Micro-LEDs are widely considered a key platform for next-generation display technologies, spanning augmented and virtual reality systems, wearable electronics and large-format screens. Conventional fabrication typically uses plasma etching to define pixel regions, but the process can create sidewall defects that leak current, reduce brightness and degrade efficiency.

To address this challenge, Liu and his ASL colleagues developed a selective thermal oxidation method that anneals the wafer in ambient air to oxidize and reshape non-pixel regions. Simultaneously, a protective silicon dioxide coating preserves the designed pixel areas during annealing. This approach defines pixel geometry without causing plasma damage or requiring additional repair steps.

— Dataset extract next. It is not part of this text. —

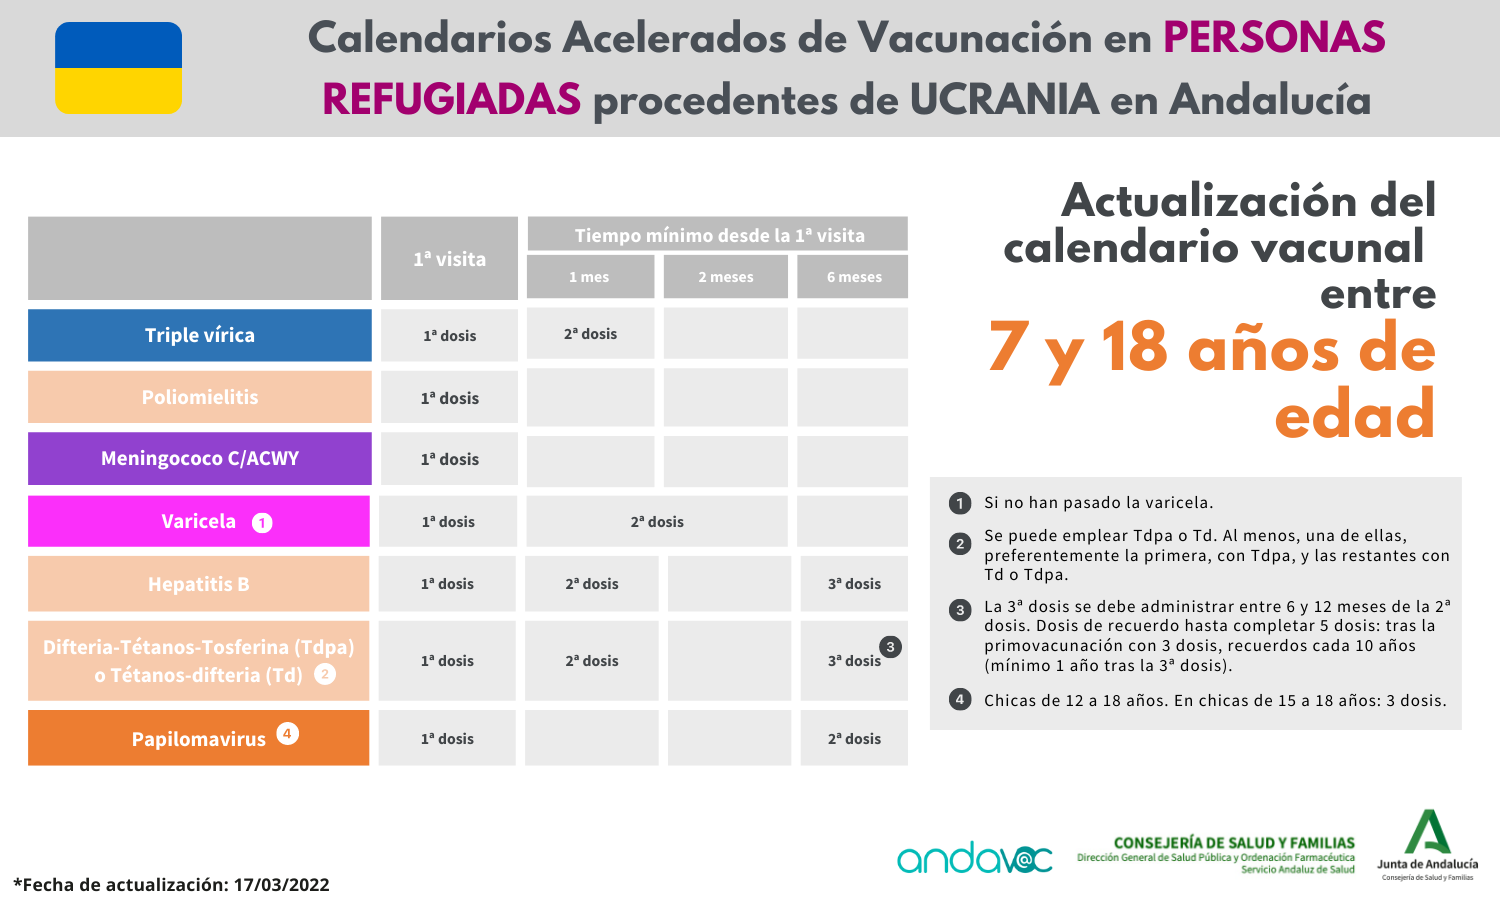 Calendario vacunación refugiados Ucrania entre 7 y 18 años

By tuning heating time and protective-layer thickness, the researchers significantly reduced leakage current and improved efficiency. They fabricated green micro-LED arrays as small as 10 micrometers (μm), with a 10-μm pixel array showing low leakage current and strong external quantum efficiency after four hours of air annealing with a 3.5-μm silicon dioxide layer.

The ASL-developed method offers a promising alternative for manufacturing micro-LEDs, avoiding the performance losses that occur as devices shrink. It also facilitates more straightforward integration with driving circuits and can be extended to other III-nitride devices, including photodetectors, laser diodes, and high-electron-mobility transistors.

“Compared with plasma-etched devices, our STO-fabricated micro-LEDs show lower leakage current and higher external quantum efficiency—key advantages for reducing energy consumption in micro-LED displays and improving device stability and lifetime,” Liu said.

“Our invention improves the performance of micro-LED devices and enhances their potential across various applications. We hope this technology can be extended to full-color micro-LED displays.”

Pushing the boundaries

Liu’s research focuses on III-nitride optoelectronic devices, including micro-LEDs and deep ultraviolet LEDs. His work emphasizes device structural design, physical modeling, micro- and nanofabrication, and interface engineering to improve efficiency and reliability.

“At the KAUST ASL, we balance independent project research with strong team collaboration, always aiming for innovation with practical value. I believe this philosophy underpins high-quality scientific outcomes,” Liu said.

“The ISA award affirms the originality and impact of our work,” Professor Li added. “It motivates us to continue pushing the boundaries of semiconductor and photonics innovation.”

Liu will soon join the Suzhou Institute of Nano-Tech and Nano-Bionics (SINANO) in Suzhou, China, as a full professor. There, he will continue advancing micro-LED technology, with a focus on performance improvements and full-color displays.

“In my new role, I will bring what I learned at KAUST and continue pursuing a research philosophy that delivers high-quality results,” Liu concluded.